The inspector general probe is expected to be far more comprehensive than the internal review of Spann’s allegations, which local officials conducted after his claims went public. Last week, local officials announced they had found no evidence of the scheme he described.

The internal emails however, paint a different picture.

In an email dated Nov. 1, 2011, a radiology technologist in Temple directed doctors throughout the Central Texas VA health care system to use a false requested appointment date: “Please use the date desired for screening mammography exams as the 2nd of January,” wrote James Anderson. “The first available slots for screening mammograms is January the 12th.”
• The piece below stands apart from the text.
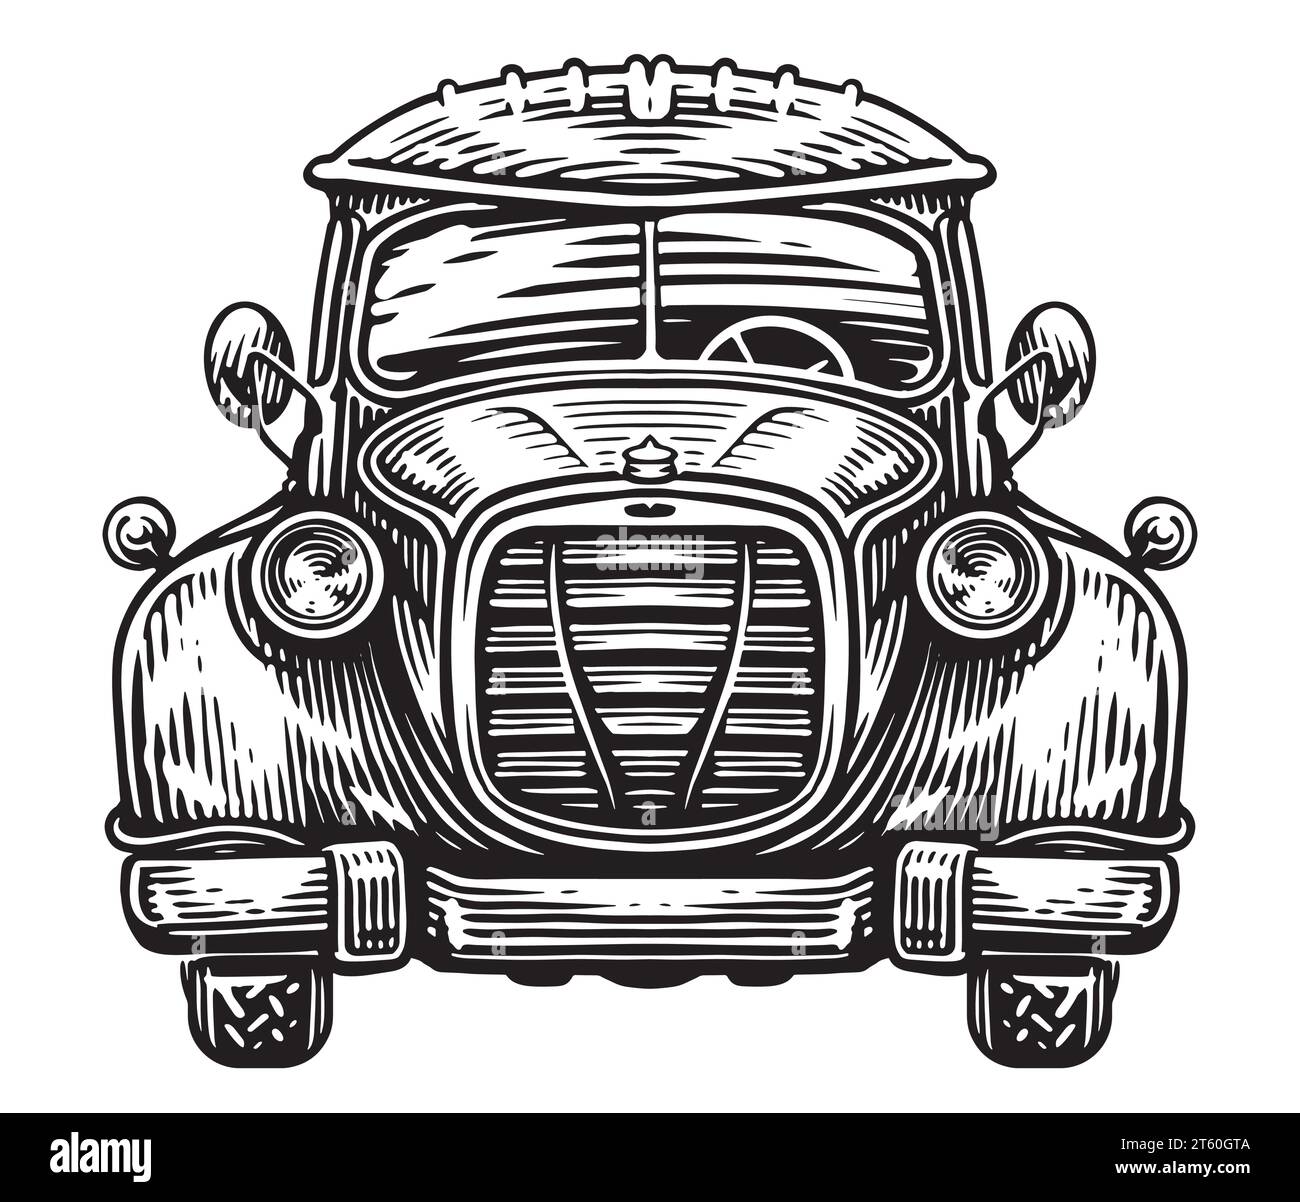 Handgezeichnete Vorderansicht eines Retro-Autos im Schwarz-weiß-Stil. Vintage-Transport, Skizze Vektor-Illustration Stock Vektor

An hour and a half later, the chief of staff for the system, Dr. William Harper, wrote back: “You cannot do this!!!! This is essentially fraud. The desired date is what it is and if we don’t meet the standard then we will work to improve. You have to put down a reasonable desired date and we should be asking the patient what their desired date is.”

The VA grades facilities and top administrators on their ability to see patients close to their desired appointment date. Spann alleged that VA leaders encouraged fraudulent appointment data because it was tied to the bonuses they receive. Local VA officials have called any scheduling problems a “training issue” that didn’t originate with local leadership.

In another chain of emails from Nov. 5, 2011, Spann complains that he was directed to change the requested date for an abdominal ultrasound on a patient with “escalating midepigastric pains.” Another medical provider responded, “It doesn’t help if you insist on a desired date that doesn’t meet their 30-day criteria. (Chief of Radiology Dr. Gordon) Vincent just cancels the order. End of story.”

A July 2011 document shows that Vincent canceled a liver ultrasound appointment request for a patient with cirrhosis and asked that it be reordered for a later date.

Turner was the first to publicly reveal data manipulation in Texas, and he said a key part of the scheme was to leave veterans off of the VA’s electronic wait list, which is supposed to track patients who are waiting more than 90 days for an appointment, but which could also reveal lengthy wait times.

The Phoenix report found the same scheme and determined that Arizona officials kept 1,700 veterans off of the electronic list.

Investigators linked that wait list manipulation to bonuses for executives.

“A direct consequence of not appropriately placing veterans on (electronic wait lists) is that the Phoenix (VA) leadership significantly understated the time new patients waited for their primary care appointment in their FY 2013 performance appraisal accomplishments, which is one of the factors considered for awards and salary increases,” wrote Richard Griffin, the VA’s acting inspector general, in the Phoenix report.

The report led U.S. Rep. Jeff Miller, R-Fla., chairman of the House Committee on Veterans Affairs, to join the chorus of calls for Shinseki’s resignation.

“Shinseki is a good man who has served his country honorably, but he has failed to get VA’s health care system in order despite repeated and frequent warnings from Congress, the Government Accountability Office and the IG,” Miller said in a statement.

State Sen. Leticia Van de Putte, D-San Antonio, who chairs the Texas Senate veterans affairs committee, said she is working with the Texas Veterans Commission and Texas Veterans Land Board to set up a veterans hotline, on which state workers would help veterans “navigate the VA’s complicated system and get the medical appointments they need.”